Notice that I used getPath() on both cases.

This is because the getUrl() (and also getLoginUrl()) is giving me:

• On 1, if used without a callback

->url(Filament::getPanel('admin')->getUrl())

• Error: No default Filament panel is set. You may do this with the default() method inside a Filament provider's panel() configuration.

  • I did not understand once I have the app panel as default.

• On 1, if used within a callback

->url(fn () => Filament::getPanel('admin')->getUrl())

• Error: Route [filament.app.resources.organizations.index] not defined.

  • The panel app does not really have an organizations resource. This resource is the first resource on admin panel. I guess that it got wrong concatenating the default panel (app) with the first navigation item from the panel that I actually requested the URL (admin).

• On 2, if used as

->url(fn (Organization $record): string => Filament::getPanel('app')->getUrl($record))

• Error: App\Filament\Admin\Resources\OrganizationResource::App\Filament\Admin\Resources{closure}(): Return value must be of type string, null returned
  • This error I traced and got that $firstGroup is null because $navigation is an empty array.
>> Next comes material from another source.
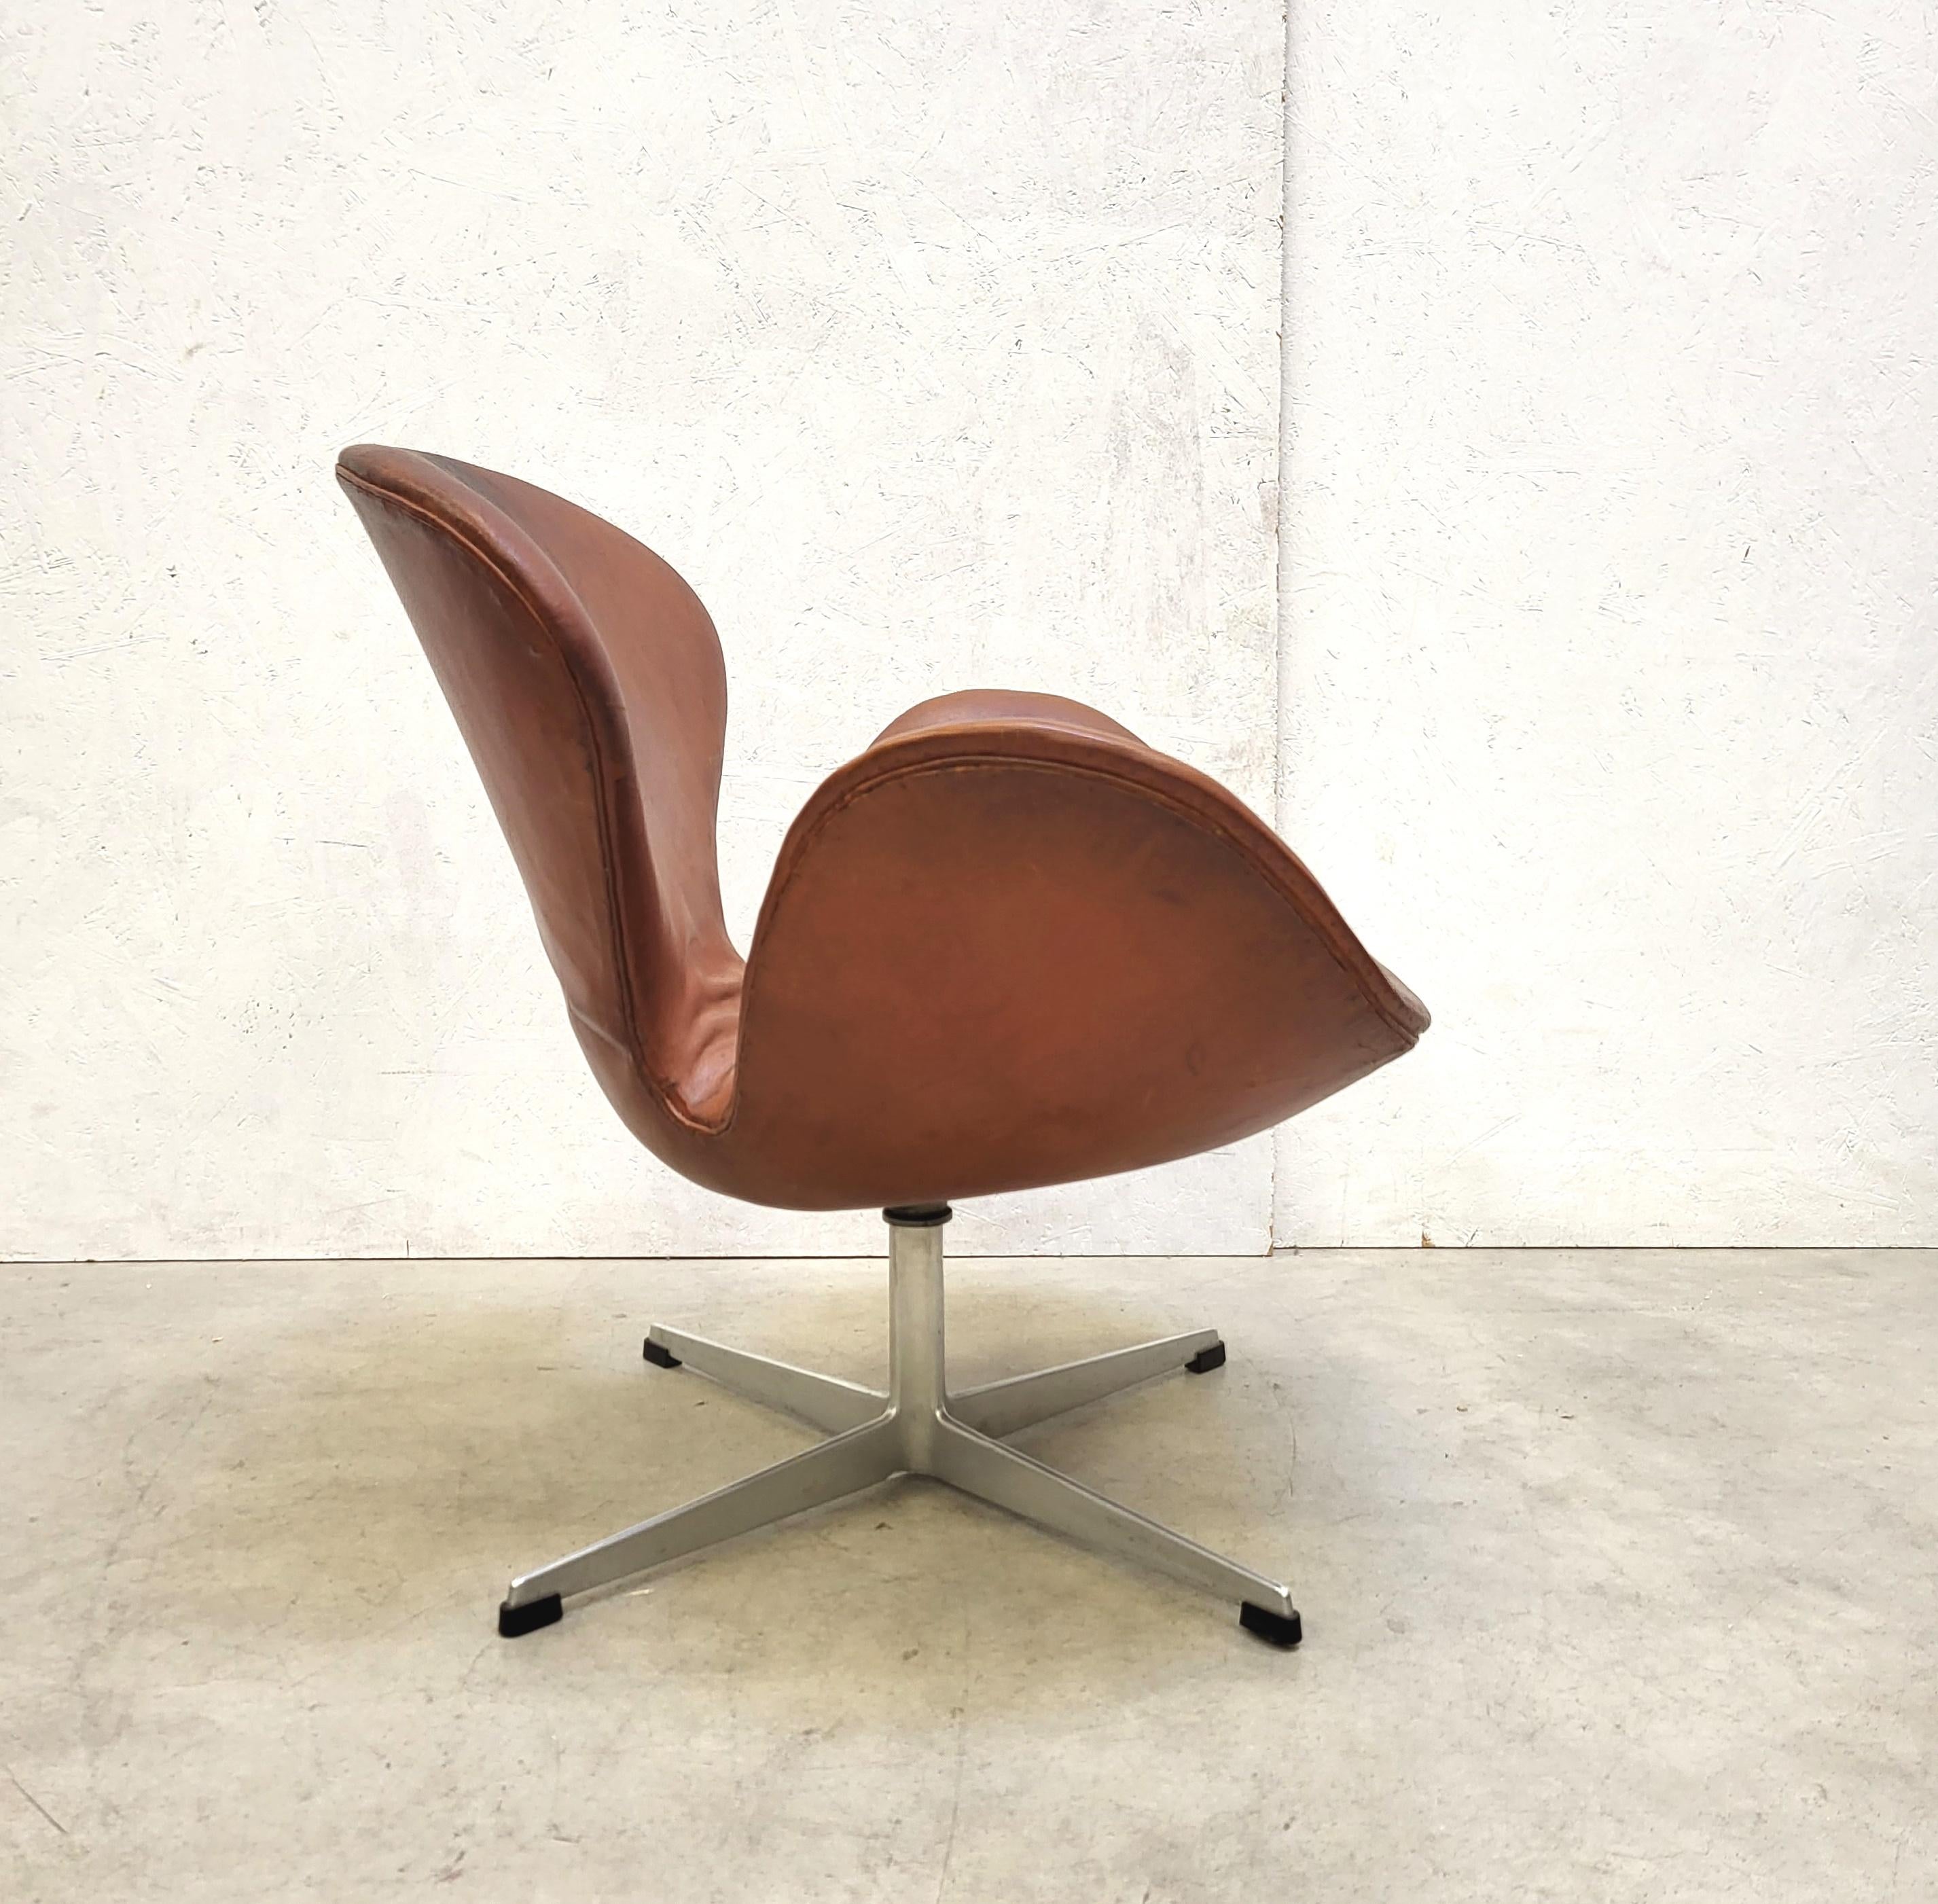 Cette chaise Swan, très rare et de première édition, a été conçue dans les années 1950 par Arne Jacobsen pour l'hôtel SAS de Copenhague et produite par Fritz Hansen vers 1958/1959. 

La chaise est recouverte d'un magnifique cuir cognac qui

I guess maybe something while trying to set the tenant, because the existence of two panels or because that the app panel does not have any resource, it has only the dashboard page and the admin link as navigation items.

But probably I misunderstood the concept or usage of something at all. I'm a newbie with Filament: just four days reading docs and two coding.

Do you think I may create a separate issue/discussion and move this into there?